Preparation and Characterization of (U,Zr)O₂ Solid Solutions, as Corium Phases of Interest

In the event of a severe nuclear accident, the loss of cooling leads to high-temperature reactions between the fuel, UO₂, and surrounding materials. The fuel can then react with the zirconium alloy cladding and the steel vessel to form a complex solid+liquid mixture known as in-vessel corium. Understanding the formation and complete characterization of the U_1-xZr_xO₂ phases is essential for predicting the heat exchanges as well as the phases formed in the corium. However, the U-Zr-O system is not fully understood from a thermodynamic point of view.
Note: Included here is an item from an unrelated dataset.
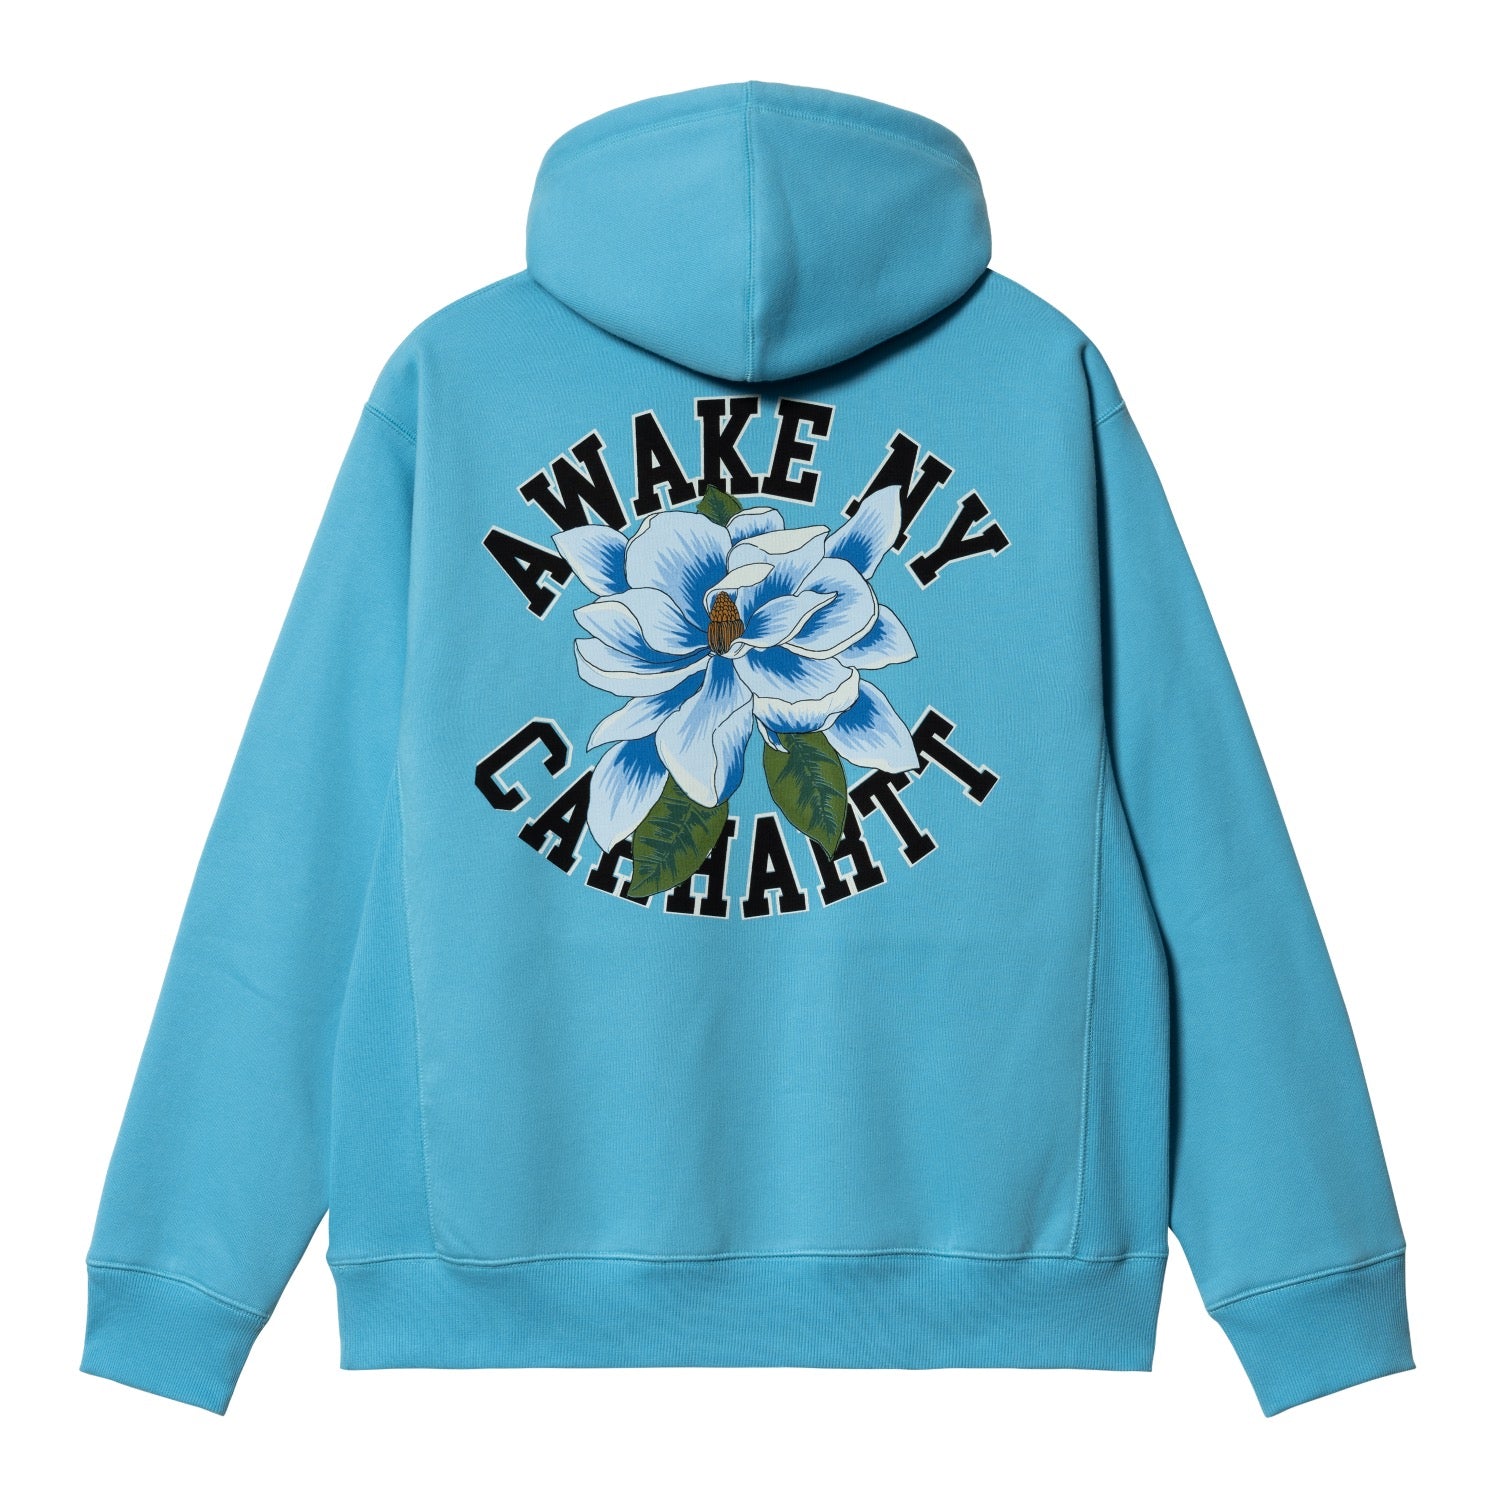 AWAKE NY フーデッドスウェットシャツ - Carhartt WIP

Therefore, in order to improve our knowledge of the formation of such corium, the preparation of pure U_1-xZr_xO₂ samples and their complete and advanced characterization are required.
For this purpose, the oxide phases were prepared by hydroxide precipitation, which guarantees better homogeneity than dry synthesis processes. According to the literature, this method produces nanometric, highly reactive powders, favoring the formation of cubic solid solutions with high zirconium content at significantly lower temperatures than conventional dry chemical routes [1-3].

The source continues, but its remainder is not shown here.